バージョン管理システムにおいて、並行して進行する開発作業は別ブランチで管理されることが一般的です。これらの作業成果を統合する際、git mergeと並んで頻繁に使用されるのがgit rebaseです。本記事では、リベースの内部動作原理、コミット履歴の変遷、および競合発生時の標準的なワークフローを技術的に解説します。
シナリオの構築と分岐の発生
まず、新規リポジトリを初期化し、ベースとなる構成ファイルを追加して最初のコミットを作成します。
mkdir project-root && cd project-root
git init
echo "app_name: sample_service" > app.conf
git add app.conf
git commit -m "init: baseline configuration"

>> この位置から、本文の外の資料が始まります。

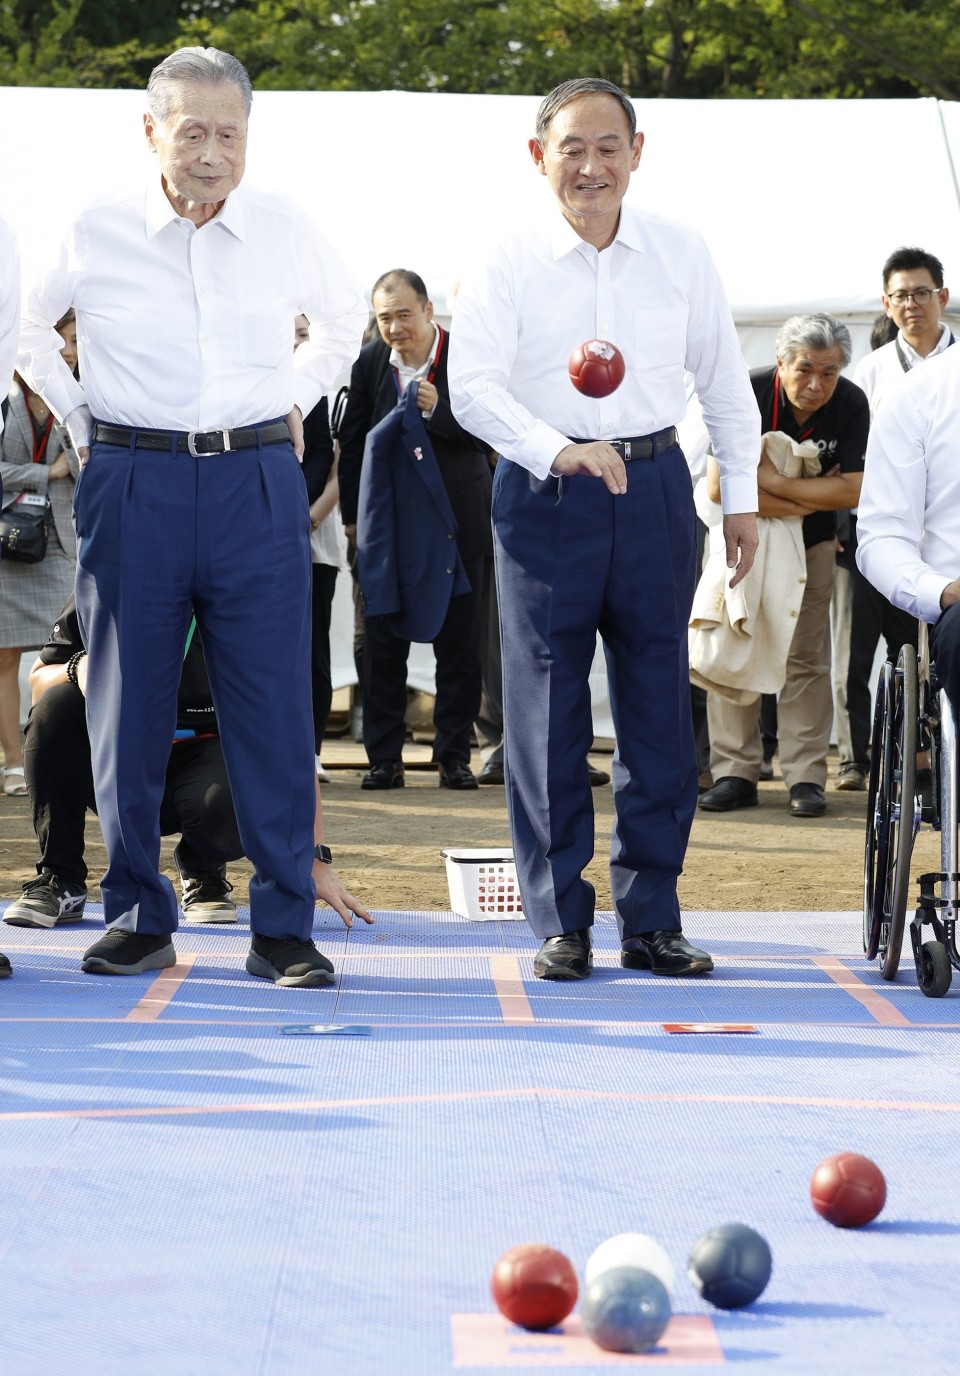 Ảnh được chụp vào tháng 8 năm ngoái khi còn là Chánh Văn phòng Nội các Nhật Bản, ông Yoshihide Suga (bên phải) đang thử chơi boccia tại một sự kiện quảng bá cho Paralympics Tokyo 2020 (Ảnh: Kyodo)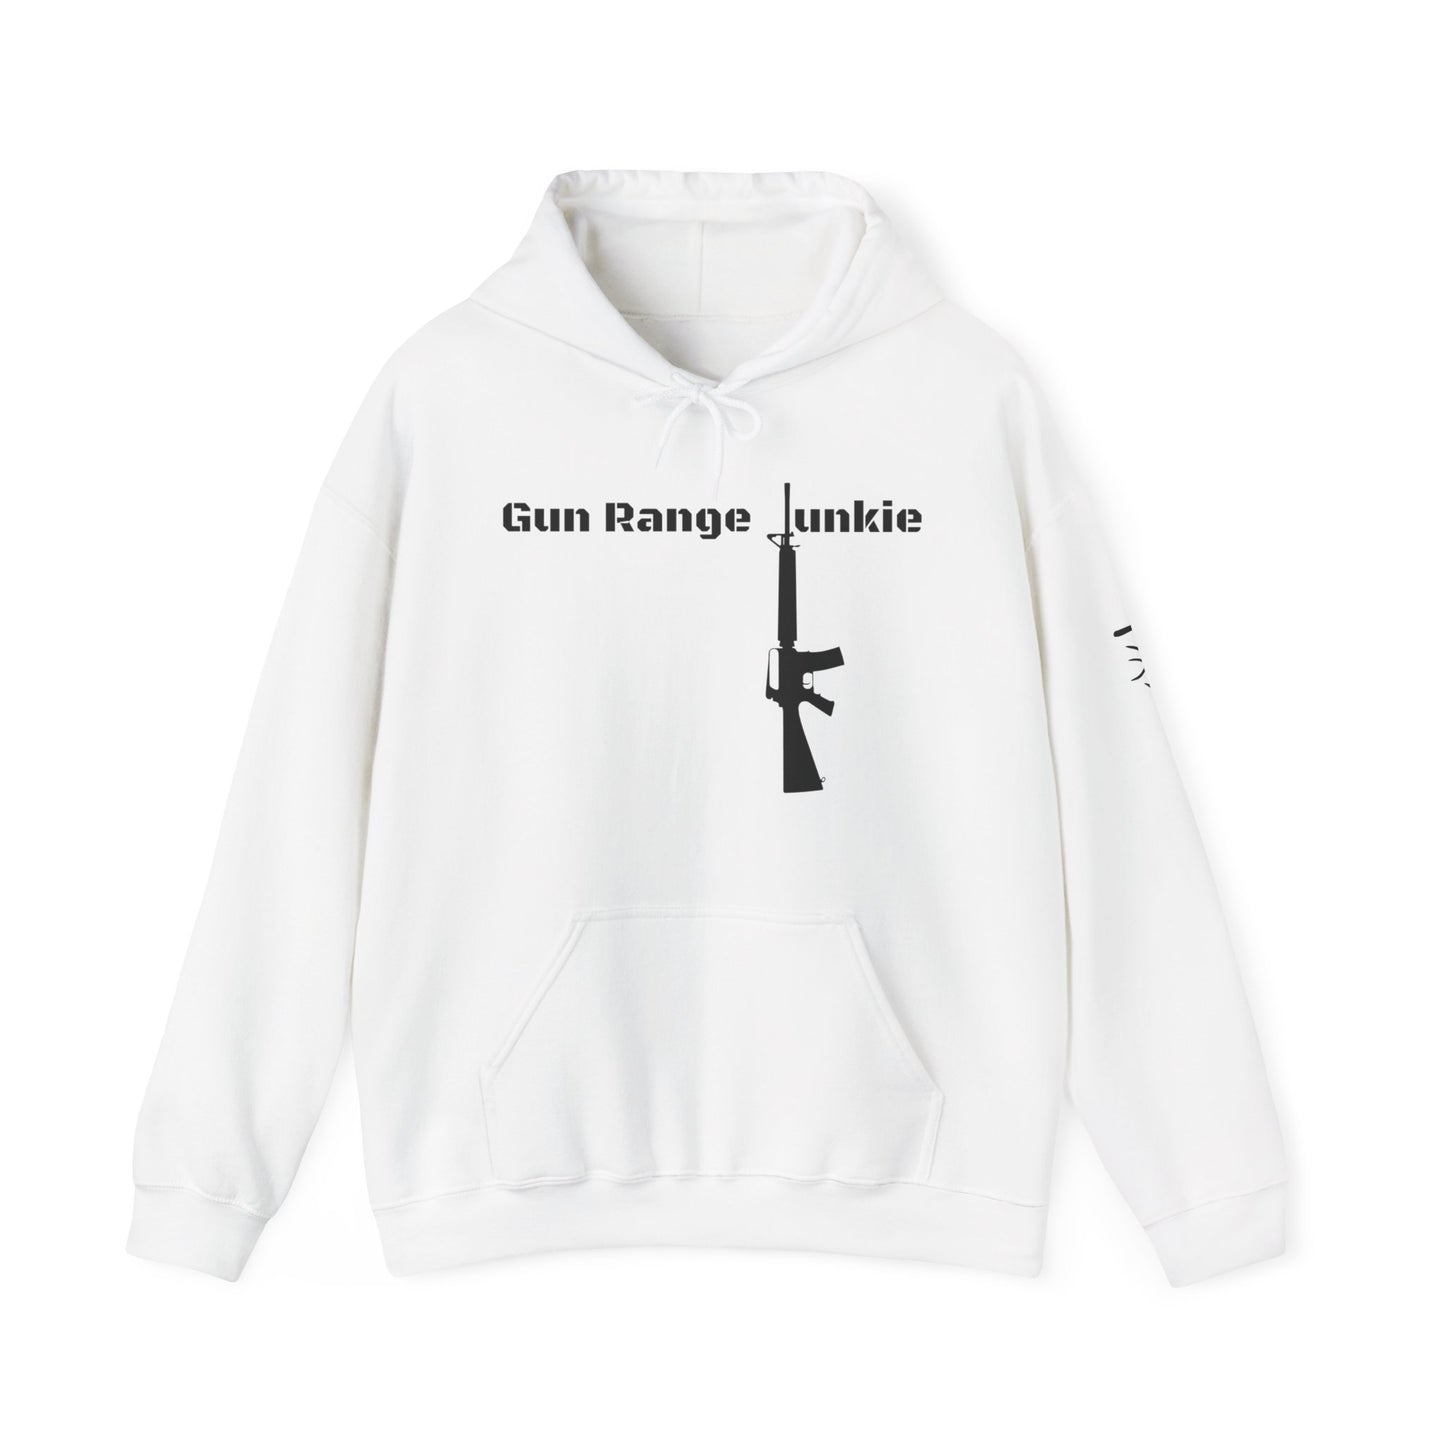 Gun Range Junkie Hooded Sweatshirt

この段階では、mainブランチ上に単一のコミットが存在する状態です。
次に、メインラインとは独立した機能開発ブランチを生成し、両ブランチで別々の修正を加えます。
# 機能開発ブランチの作成と切替
git checkout -b feature-auth
# mainブランチ上で設定値を更新
git checkout main
echo "timeout: 30s" >> app.conf
git commit -am "refactor: adjust timeout setting"
# 機能ブランチに戻り、独自の変更を追加
git checkout feature-auth
echo "auth_mode: oauth2" >> app.conf
git commit -am "feat: introduce oauth2 authentication"
リベース実行前の履歴構造
上記手順完了時点での両ブランチは、初期コミットを共通の基点として分岐した状態です。git log --oneline --graphで構造を確認すると、以下のようになります。
main:
* B (adjust timeout setting)
* A (baseline configuration)
feature-auth:
* C (introduce oauth2 authentication)
* A (baseline configuration)
この構造において、コミットCはコミットAを直接の親として参照しています。両ブランチを単純に統合すると、Gitはデフォルトでマージコミットを生成し、履歴が三角形状に分岐・結合する形になります。
リベースの動作メカニズム
リベースは、分岐ブランチのコミットを切り離し、指定されたベースブランチの先端に再適用する処理です。機能ブランチ上でベースを指定して実行します。
git rebase main
処理が正常に終了すると、履歴は直線的に再構成されます。
* C' (introduce oauth2 authentication) [NEW HASH]
* B (adjust timeout setting)
* A (baseline configuration)
コミットCは元の親Aとは無関係になり、代わりにBの上に新しいコミットC'として再作成されています。これは、GitがCに含まれる差分パッチを抽出し、mainブランチの最新状態(コミットB)に対して再適用した結果です。リベースの本質は、独立した変更セットを順序立てて連続的な変更履歴として再展開することにあります。
競合発生時の中断と再開フロー
リベース中は、再適用するコミットの差分とベースブランチの中間状態に矛盾が生じた場合、merge conflictを検出して処理を一時停止します。この際は以下のステップで進行管理を行います。
- 手動解決:エディタで競合ファイルを開き、不要な差分マーカー(
<<<<<<<、=======、>>>>>>>)を除去し、最終的なコード状態に修正します。 - ステージング:修正完了後、
git add <target_file>を実行し、Gitに解決済みを通知します。 - 再開:
git rebase --continueを実行し、残りのコミット適用処理を継続します。
解決が困難な場合や、試行錯誤中に元の分岐状態へ安全に復帰したいときは、以下のコマンドを使用します。
git rebase --abort:リベースセッション全体を破棄し、コマンド実行前のブランチ状態に完全にロールバックします。git rebase --skip:現在競合しているコミットの適用を完全に破棄し、次のコミット処理へと進みます。